Anggota Komisi IX DPR Irgan Chairul Mahfiz menyatakan, DPR akan terus mendorong pekerja formal mendapat jaminan pensiun sebagaimana yang diamanatkan negara melalui UU yang berlaku. Ia berharap tarik ulur antara pemerintah, pengusaha dan pekerja dapat segera diakhiri dengan menetapkan besaran iuran pensiun. “Semoga tidak ada tarik ulur lagi,” ujarnya.

Politisi PPP itu berpandangan, DPR khususnya Komisi IX akan memantau terus penerbitan RPP yang kini berada di tangan presiden. Ia meminta agar RPP dapat segera diterbitkan presiden.

“Harus terus dipantau terus, kalau tidak akan membuat resah skala sosial dan ekonomi, ditambah skala politik peninggi, jangan sampai menambah persoala baru, kita berharap ini cepat clear. Ini ada 8 persen, 5 persen, segera diambil kesepakatan,” ujarnya.

Ketua Umum Federasi Serikat Pekerja BUMN, Abdul Sadat, berpendapat pemerintah mesti fokus memberikan perhatian terhadap kelas pekerja. Pasalnya, buruh acapkali melakukan aksi demo terkait dengan gejolak kebutuhan ekonomi yang kian meningkat. Ia mencatat dari 219 perusahaan, hanya 110 perusahaan yang telah melaksanakan pemberian iuran jaminan pensiuan terhadap para pekerjanya.

“Sedangkan 109 perusahaan belum melaksanakan dengan baik,” katanya.

Direktur Eksekutif LSM Komunal, Hery Susanto, berharap pemerintah dalam menetapkan kebijakan besaran iuran pensiun tidak menimbulkan polemik antara pengusaha dengan kelas pekerja.
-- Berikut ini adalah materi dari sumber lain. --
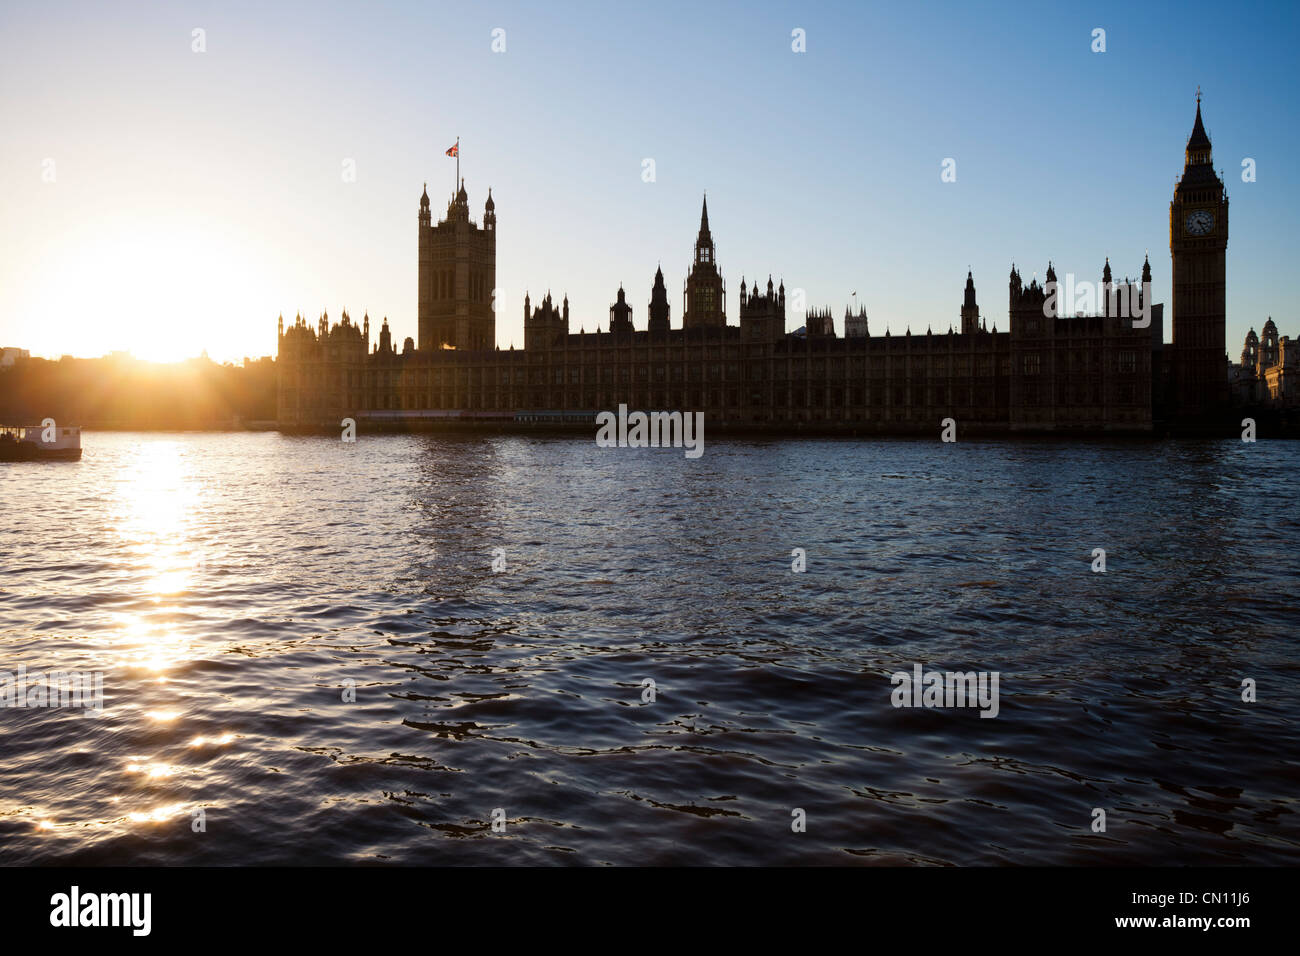 Houses of Parliament, London, UK Stock Photo
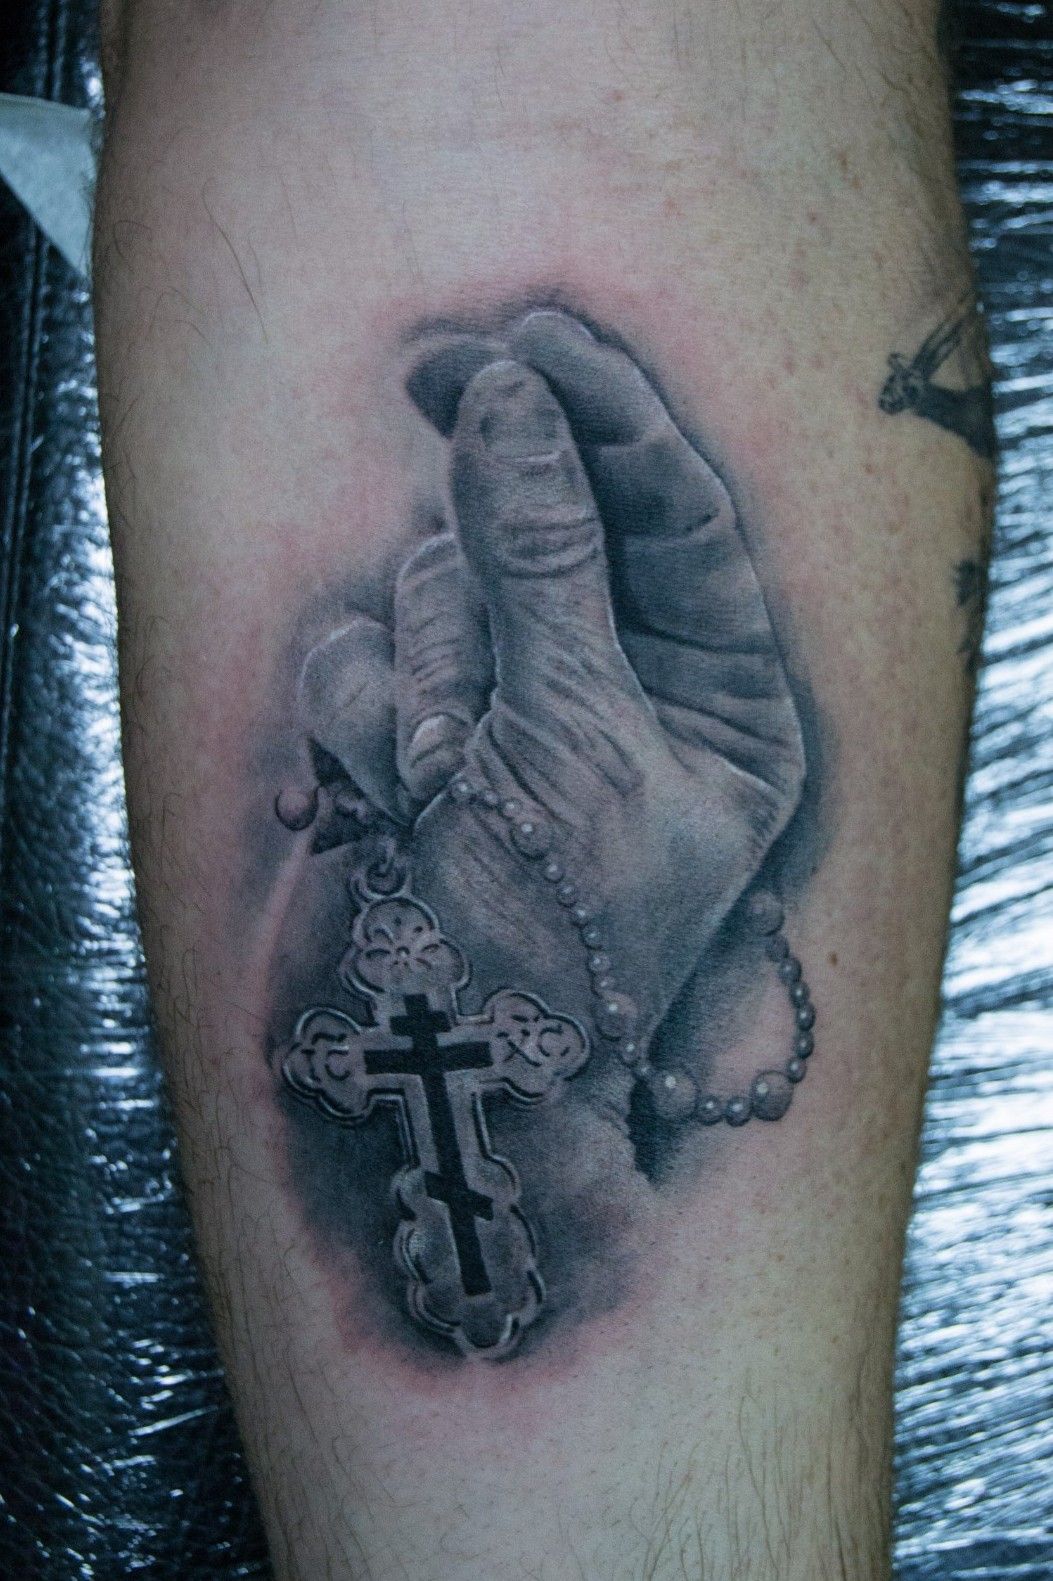 Josh ink tattoo  Greek Orthodox double headed eagle  joshinktattoo at  honeyinknewcastle  Facebook

Dengan begitu, pemerintah dan pengusaha serta kelas pekerja tidak terjadi tarik ulur. Ia meminta pemerintah tidak lagi mengulur-ulur penerbitan RPP terkait dengan penetapan besaran iuran pensiun wajib BPJS.

“Tanggal 1 Juli sesuai amanat UU, dana pensiun harus dilaksanakan. Kebijakan ini harus segera diluncurkan bagi pekerja. Ke depan pemerintah jangan berpolemik dan menimbulkan tarik ulur di ranah publik,” ujarnya.

Pengamat Jaminan Sosial ini berpendapat, dari wacana yang berkembang iuran pensiun sebesar 8 persen yang dibebankan kepada pemberi kerja dan pekerja. Pemberi kerja dibebankan 5 persen, sedangkan 3 persen menjadi tanggungan pekerja dari gaji yang diterimanya. Sementara dari pihak Kemenkeu mengusulkan iuran pensiun mulai dari 3 persen.

Setiap dua tahun atau tiga tahun sekali iuran bertambah sebesar 0,2 hingga 0,3 persen. Menurutnya, rumusan Kemenkeu sudah memperhitungkan jumlah manfaat pasti yang dijanjikan serta kondisi ekonomi dalam negeri. “Meski iuran lebih rendah dari 8 persen, peserta program jaminan pensiun berhak atas manfaat pasti setelah membayar iuran minimal selama 15 tahun,” pungkasnya.